Rozważam jedną z dwócj wersji, ale to chyba nie najważniejsze  :Smile: 

W związku z tym, mam pytania.

Czy Waszym zdaniem, Mac Mini, jest wart swojej ceny  :Question: 

Ja co do tego, jestem prawie pewnien, ale jestem ciekaw, jak wygląda Wasza opinia  :Smile: 

Czy na takim maczku, mógłbym zainstalwoac GRUBA, i mieć na nim zarówno MacOS X'a, jak i moje ulubione Gentoo  :Question: 

Jak z Gentoo dla ppc  :Question:  Da się na nim skompilować prawie wszystko  :Question: 

I jeszcze bardzo ogólnie, co sądzicie, o tych komputerkach  :Question: 

Ja ostatnio, jestem zauroczony  :Smile: 

Pozdrawiam, waluigi

----------

## kranked

Jeśli chodzi o design to apple nie ma sobie równych i jako hardware tak i software. 

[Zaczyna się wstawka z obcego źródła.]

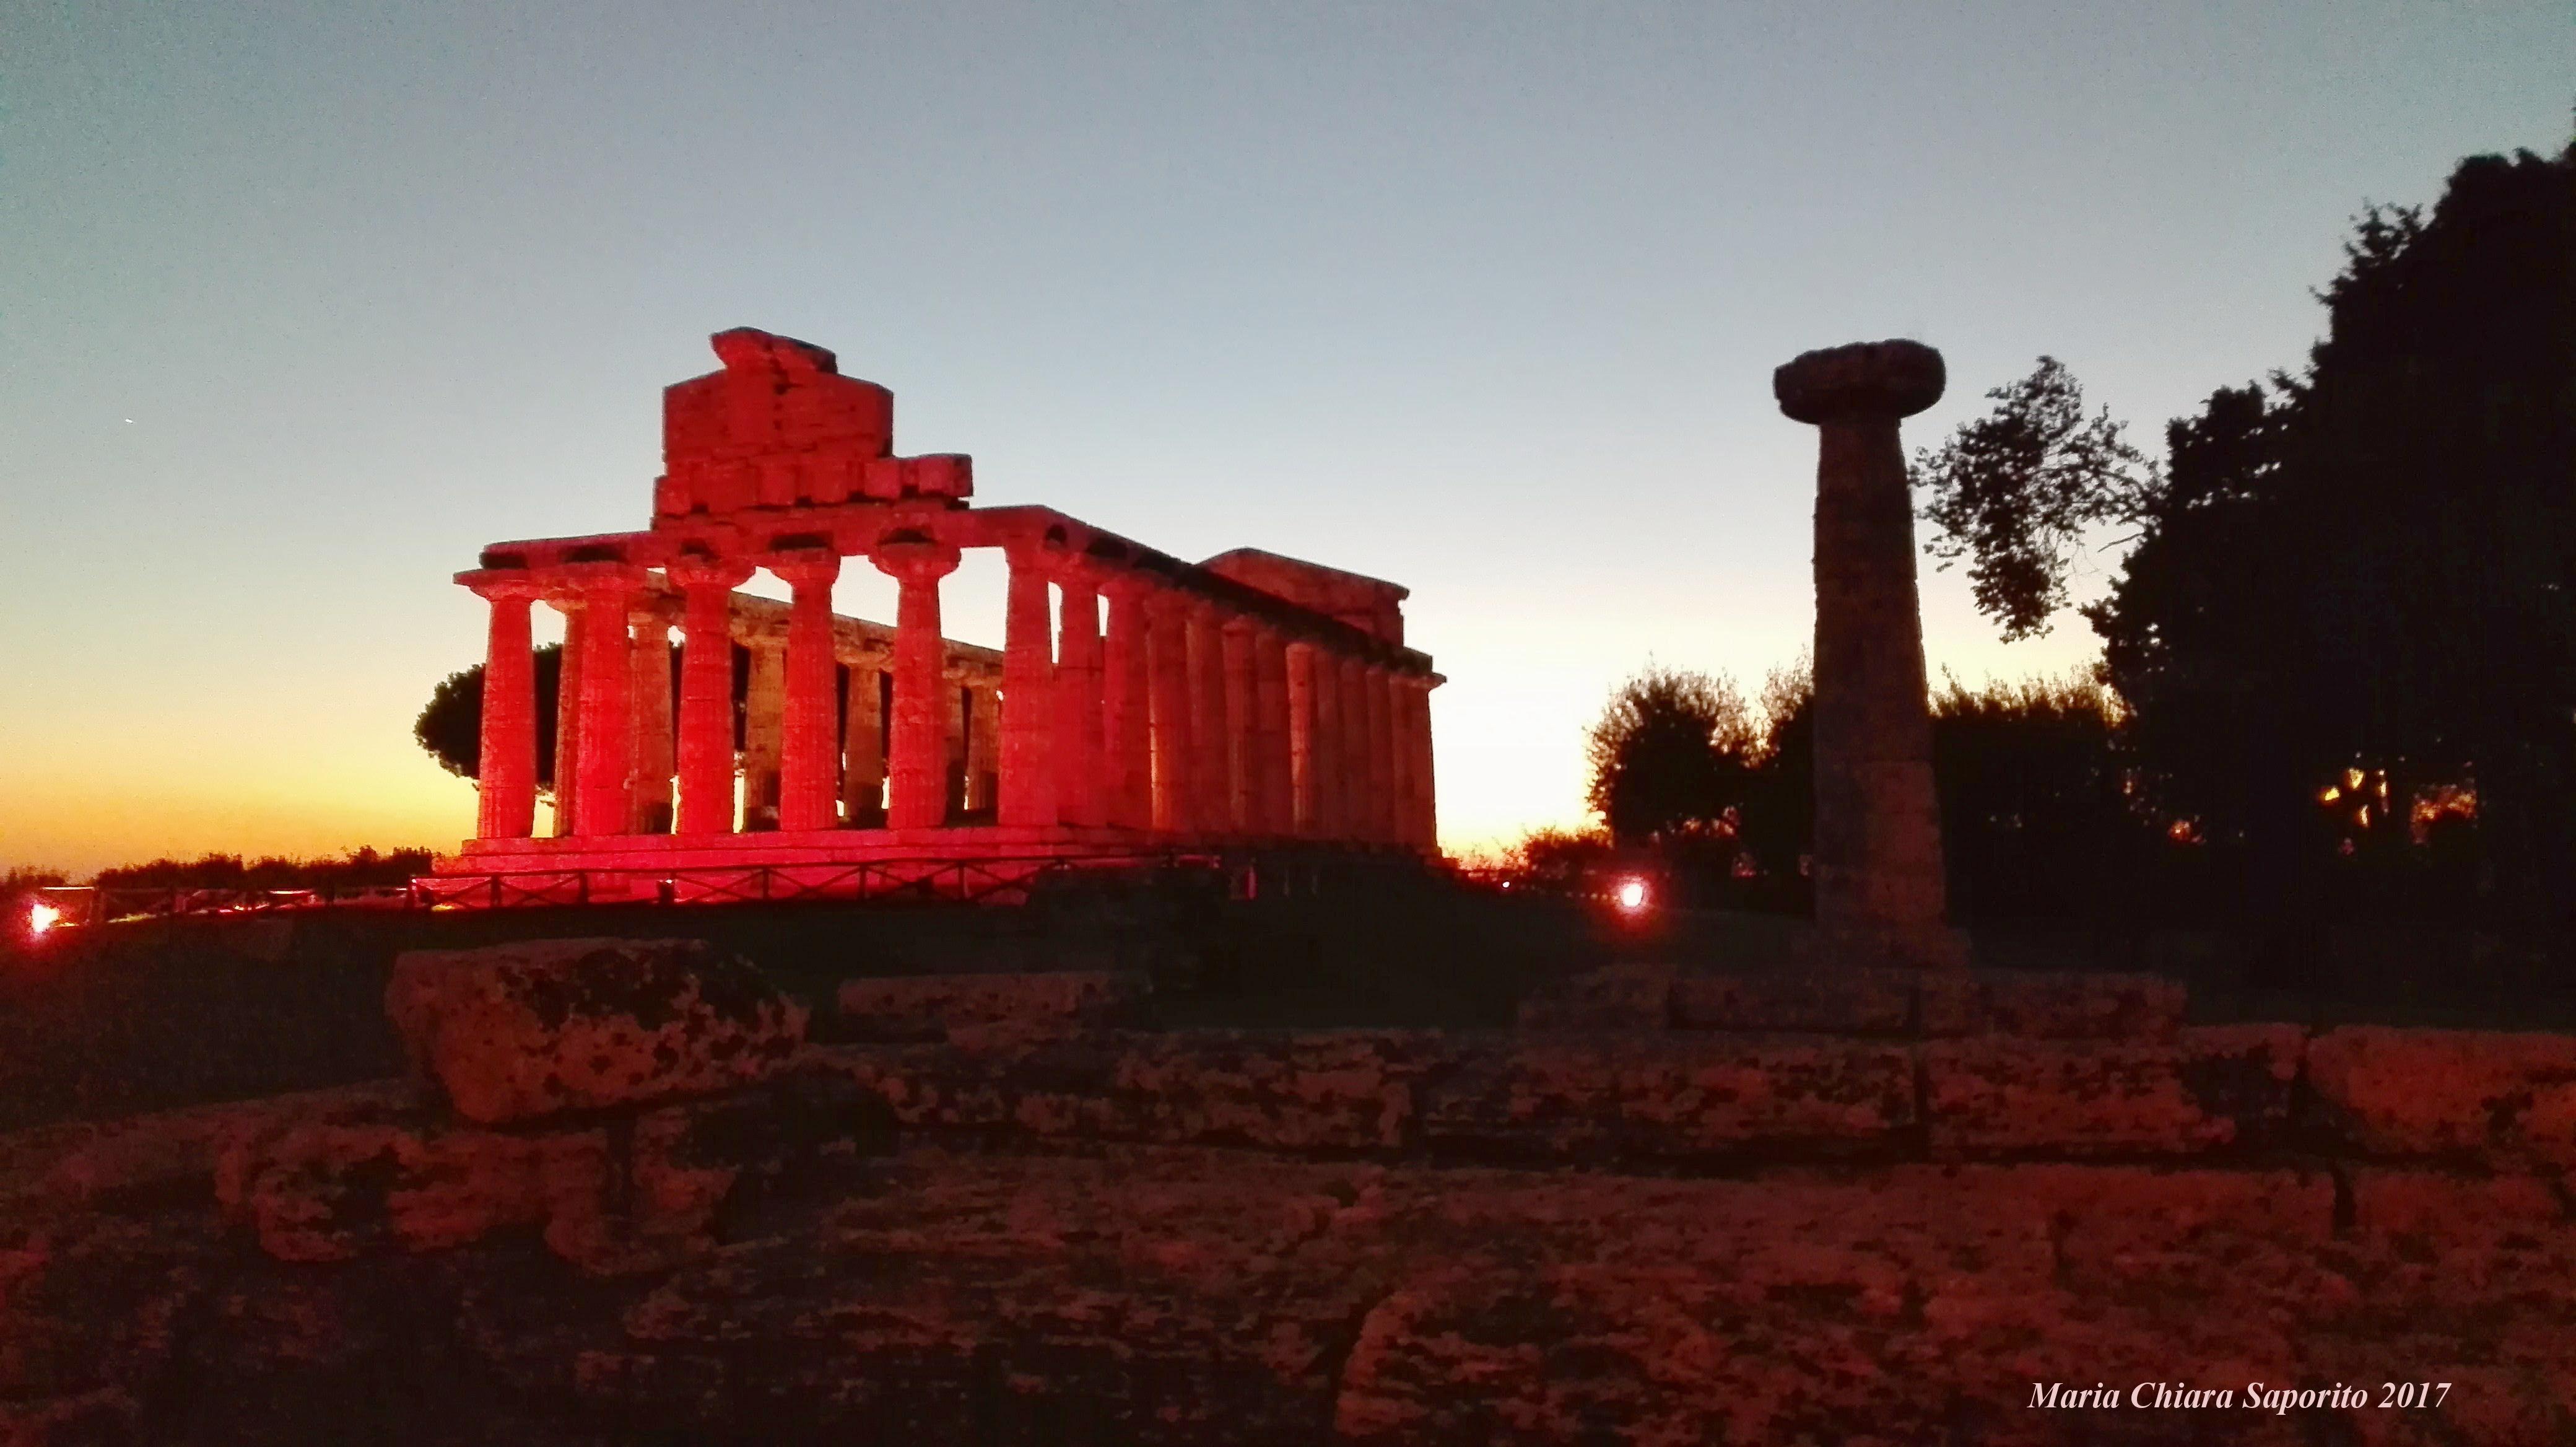 Parco Archeologico di Paestum, tramonto sui Templi

mac mini nie jest stosunkowo drogi więc za nie duże pieniądze można mieć coś z rodziny maców  :Very Happy: 

Sam bym chętnie zamienił PC na coś z apple.  :Very Happy: 

----------

## _troll_

grub jest na architekture x86 - nie wiem, czy ktos pracuje nad portem ppc. jako bootloadera na ppc stosujemmy yaboot - troche przypomina lilo, ale nie do konca. grunt ze dziala. uzywam mac osx, na zmiane z gentoo.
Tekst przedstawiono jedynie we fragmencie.